A recent case is a timely reminder of the rules of testamentary capacity with the NSW Court of Appeal dismissing a claim that a dementia patient was suffering an “insane delusion” when she executed her will bequeathing over $1million to her cleaner.

The deceased’s niece alleged she was cut out of the will because she would not arrange euthanasia for her aunt (notwithstanding the fact it is illegal in Australia). The niece argued her aunt lacked capacity at the time of signing the will and consequently, a prior will (giving the niece everything) should be reinstated.

Evidence was adduced that around the time of signing the will, the deceased had been diagnosed with dementia and exhibited signs of confusion, paranoia, and hallucinations and/or delusions.

Notwithstanding this evidence, the court determined that at the critical times of instructing her lawyer and signing her will, the deceased had full testamentary capacity.

The court warned, “great care needs to be exercised before concluding that a harsh or unreasonable judgement of another person amounts to a delusion”.

“Testamentary capacity is not reserved for people who are wise, or fair, or reasonable, or whose values conform to generally accepted community standards.

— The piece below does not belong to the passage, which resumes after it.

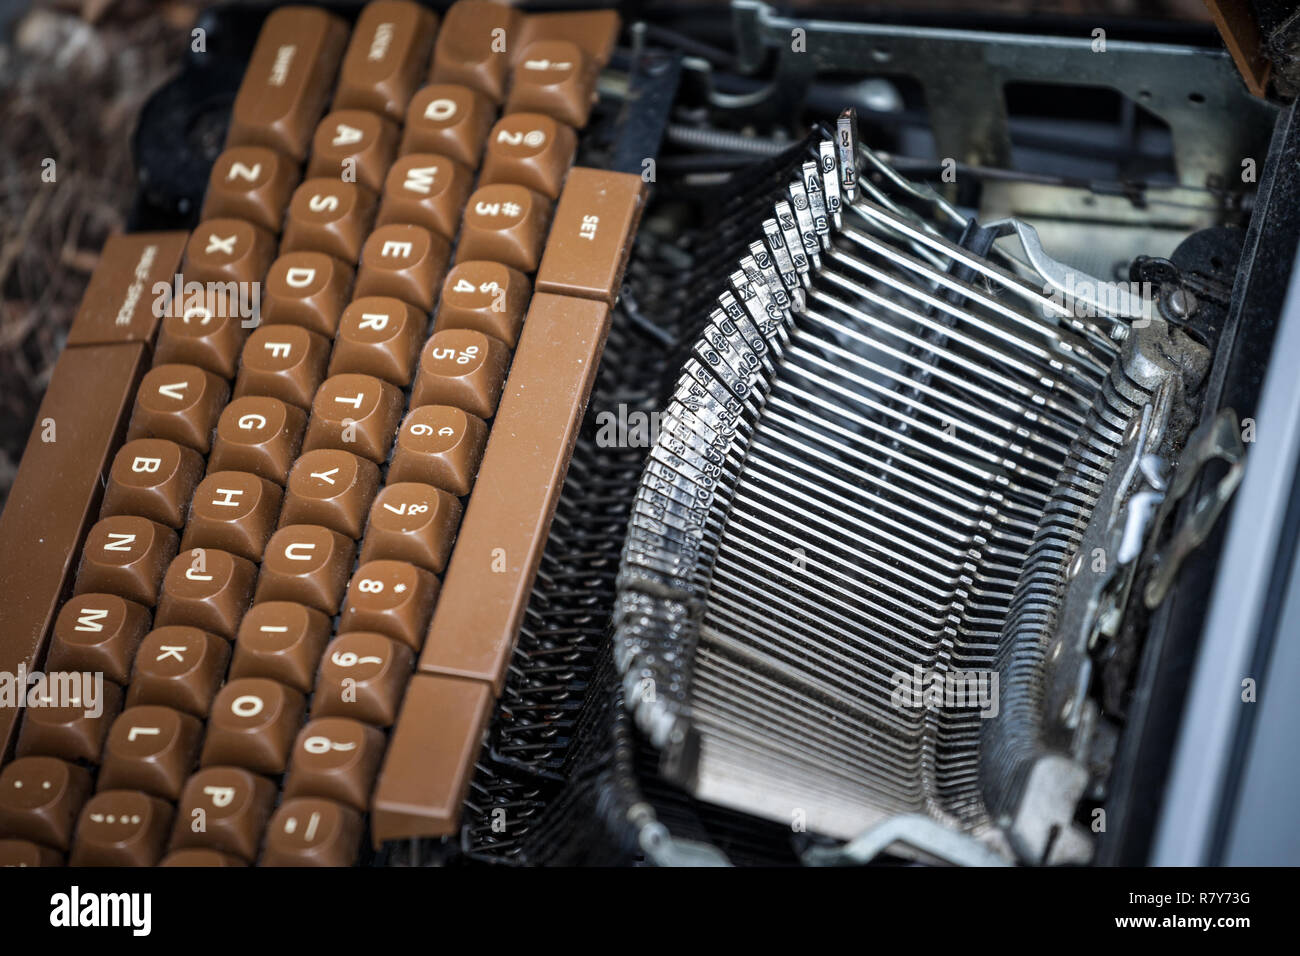 Old and broken typewriter, obsolete, with the blades and the QWERTY keyboard remaining following heavy damage caused by age.   Picture of a vintage ty Stock Photo

A person may disinherit a child for reasons that would shock the conscience of ordinary members of the community, but that does not make the will invalid”, said the court.

So, what are the rules of testamentary capacity? Namely, capacity is not determined by the moral correctness of the terms of the will. Capacity requires the testator to (1) understand the nature of the act of making a will; (2) to understand the extent of the property the subject of the will; and (3) comprehend moral claims of potential beneficiaries.